During his MRS talk, Heben remarked that being forced to address the criticisms against his work "has been good for us because we've really tightened our belts" and gained a better understanding of what's going on in this system. But Heben was not above hurling a couple of accusations against Hirscher. And he couldn't help but mention that he was "upset" that Hirscher never acknowledged in his preceding talk and in his 2001 Applied Physics A paper that he had been informed in 2000 that the NREL team knew the sonication process introduces alloy impurity into nanotube samples. By not acknowledging this, Heben asserted, Hirscher made it appear as if the Max Planck group had discovered the alloy impurity while the NREL team was clueless about it.

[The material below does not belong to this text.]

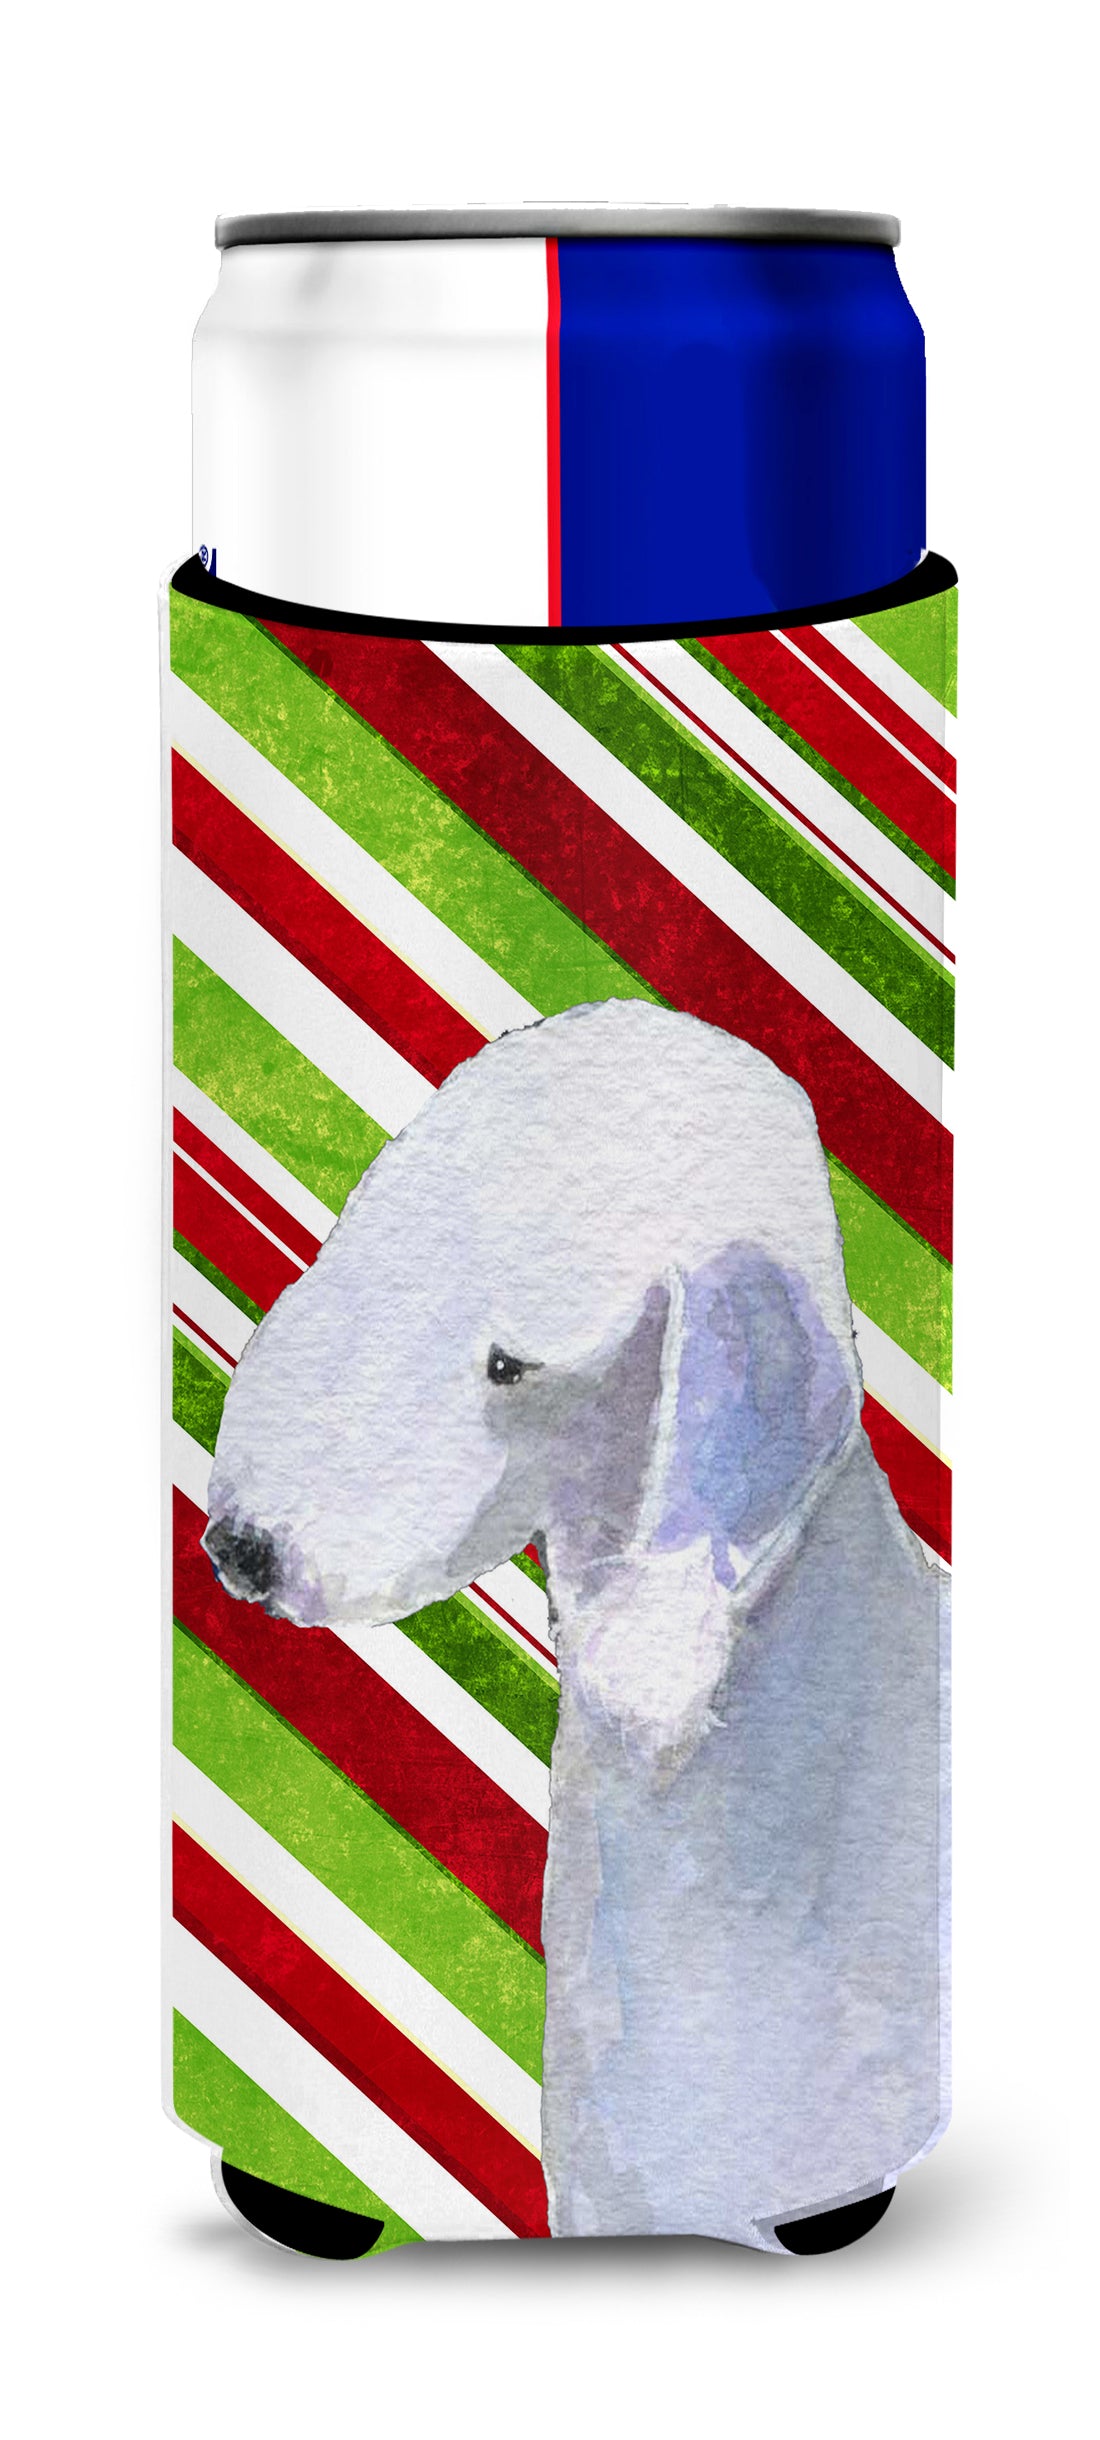 Bedlington Terrier Candy Cane Holiday Christmas Ultra Beverage Insulators for slim cans SS4552MUK.
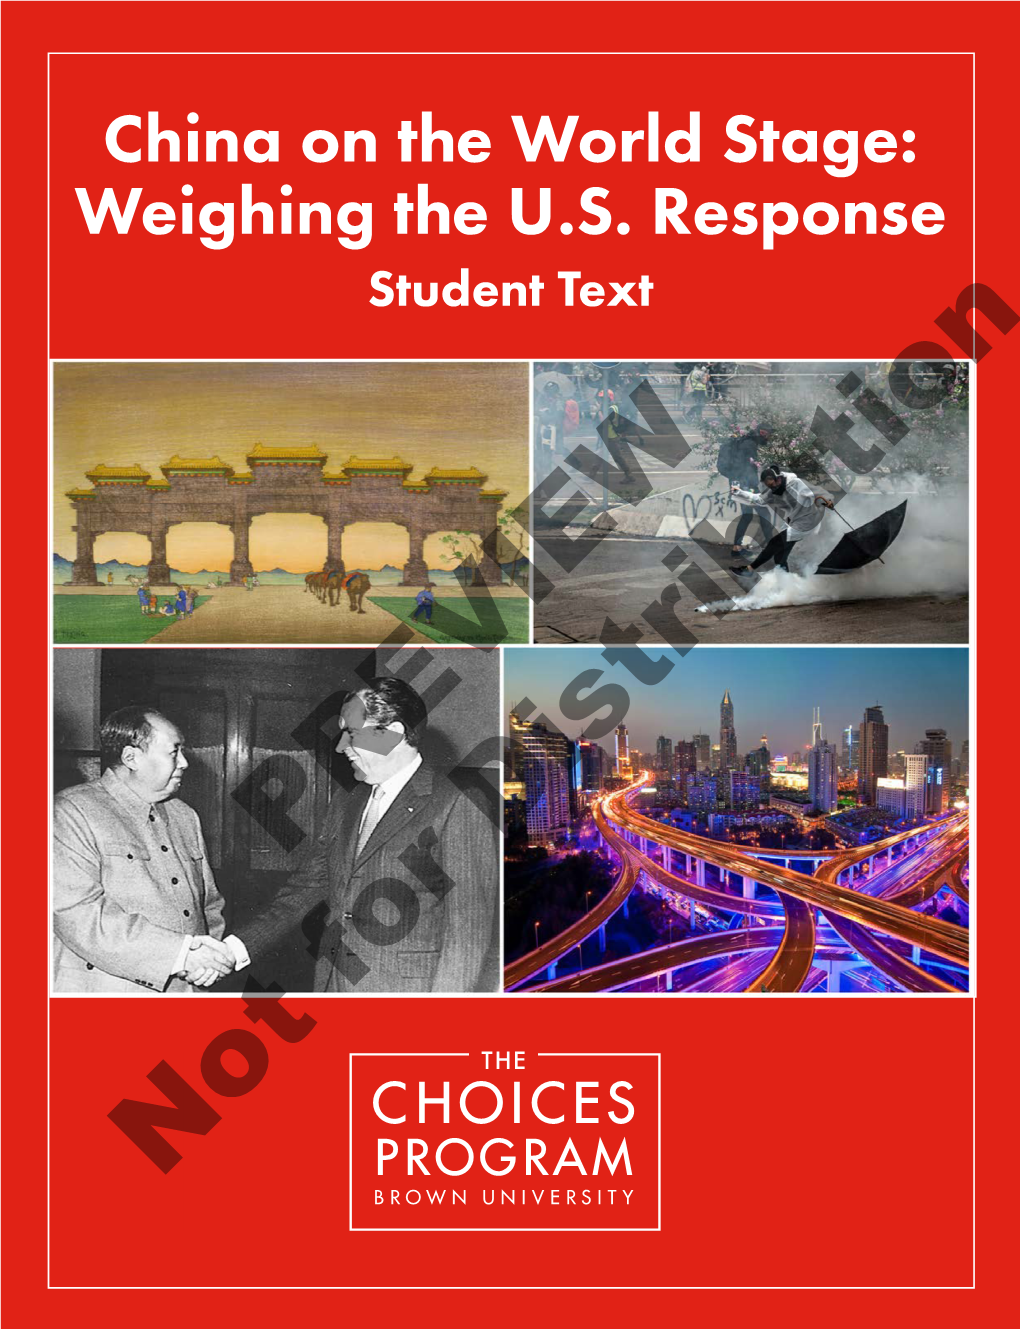 China on the World Stage: Weighing the U.S. Response Student Text

In an interview with C&EN after the meeting, Heben expressed regret at venting his feelings during the talk, calling it "somewhat unprofessional."

As the putative underdog in this contest, he's feeling increasing pressure to prove that his results are not wrong.

While some scientists have deserted Heben, others remain supportive. For example, Air Products' Cooper says that Heben is "a very careful researcher" and his experimental work is "pretty solid."

And Fischer remarks: "A lot of people beat up on Michael Heben. He asks for it sometimes because he's a pugnacious fellow. But I have to give him the benefit of the doubt."

When asked if he thinks nanotubes have a future in hydrogen storage, Fischer says, "I'm reluctant to say it'll never go anywhere. I'm still holding out hope."